Enswitch can push data about people and telephones to an LDAP server. Handsets can then access the LDAP server to search for people, and to fill in the names of numbers they call. Please note that:
- This is advanced configuration. The person configuring this must be familiar with LDAP. Configuring the LDAP server is outside the scope of Enswitch support.
- Unless you're very familiar with LDAP, it's best to dedicate the LDAP server to Enswitch use. Enswitch will create and delete LDAP entries as it sees fit. Sharing an LDAP server without careful ACL design may result in severe data loss.
To configure LDAP integration:
- Install and configure an LDAP server. The "389" LDAP server is suggested.
- In the Enswitch system configuration menu, set the "LDAP host", "LDAP username", "LDAP password", and "LDAP base" configuration settings. The host may optionally contain a colon followed by a port number. The user must have access to create and delete entries anywhere under the chosen base.
- By default, most LDAP servers allow anonymous access. To protect customers' privacy, it's a good idea to limit access to authenticated telephone lines, and to allow them to only access data within their own customer. How to do this depends on the LDAP server. For the 389 server, an example LDIF file can be found in /opt/enswitch/current/samples/ldap/setup_example.ldif. This file will need copied to another location, edited to set the correct base, then run using "ldapmodify -x -D 'cn=Directory Manager' -w '<password>' -f <file>" or similar.

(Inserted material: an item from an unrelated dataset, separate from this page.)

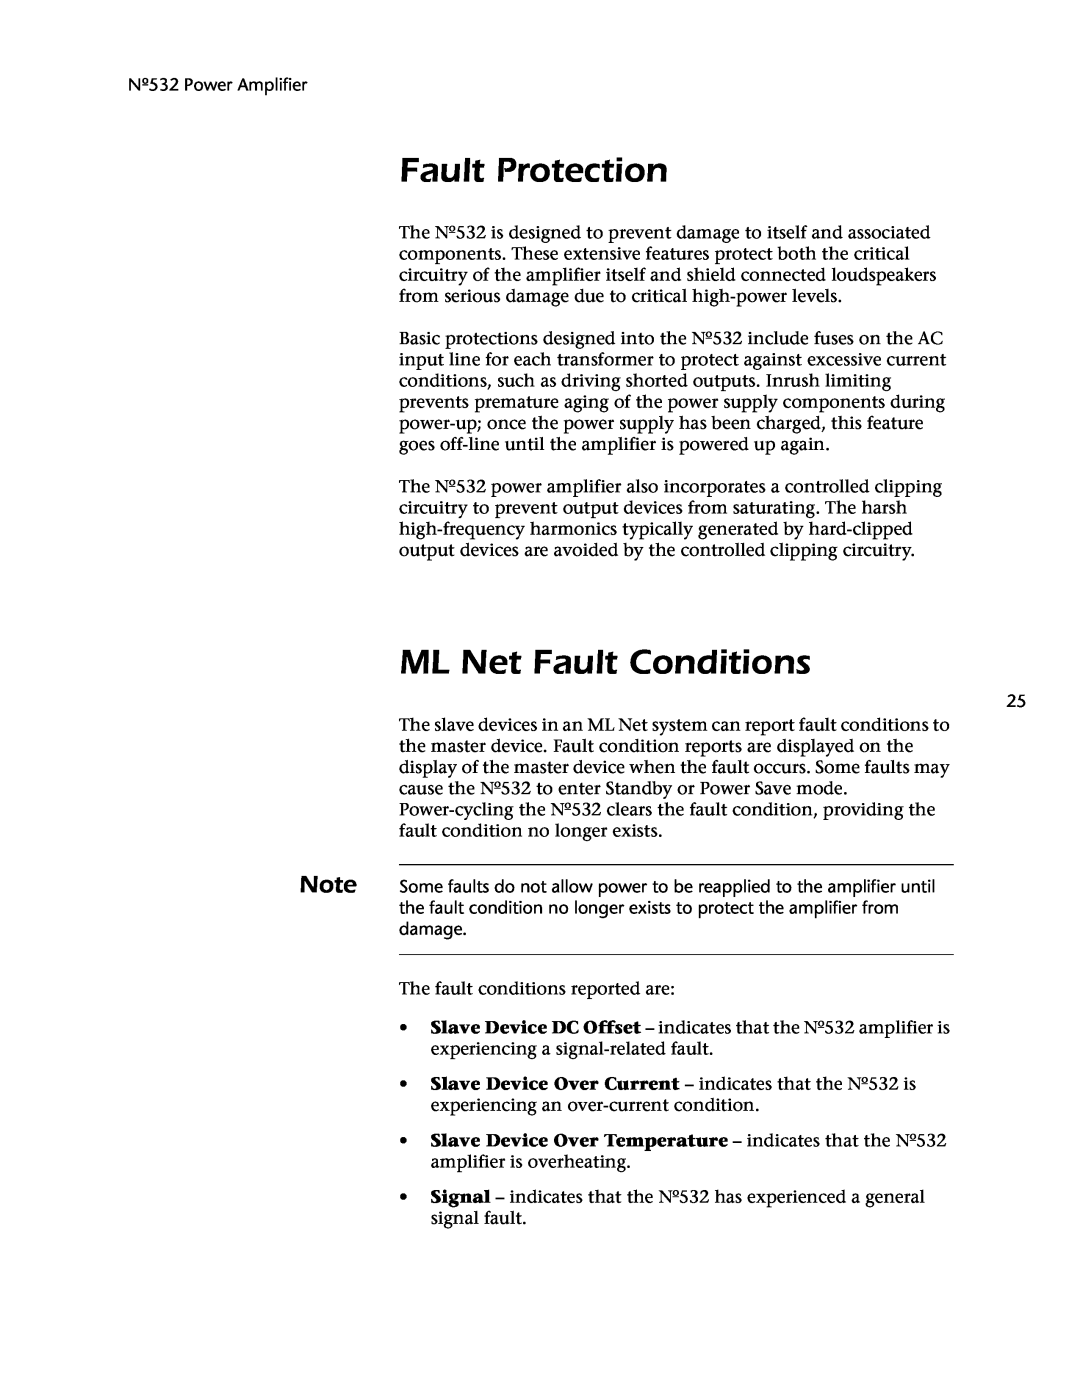 Mark Levinson 532 owner manual Fault Protection, ML Net Fault Conditions

- Run "enswitch sync_ldap" to push existing Enswitch people and telephone lines to the LDAP server. This should only need run once. Future updates will be pushed by the Enswitch API layer as they happen.
- Test lookups using a SIP handset, ldapsearch, or similar. The authentication used should be that of an Enswitch telephone line, with the username in the format "cn=<telephone line>,ou=<customer ID>,<base>". The customer ID is the numerical ID of the customer, not the customer name. If the Enswitch customer is set to share data with its parent, then the ID should be that of the parent. This applies recursively. If in doubt, use ldapsearch as "cn=Directory Manager" or similar to find the correct customer ID for the telephone line.
- Test that users cannot access data in other customers.
- Test that users without authentication cannot access customer data.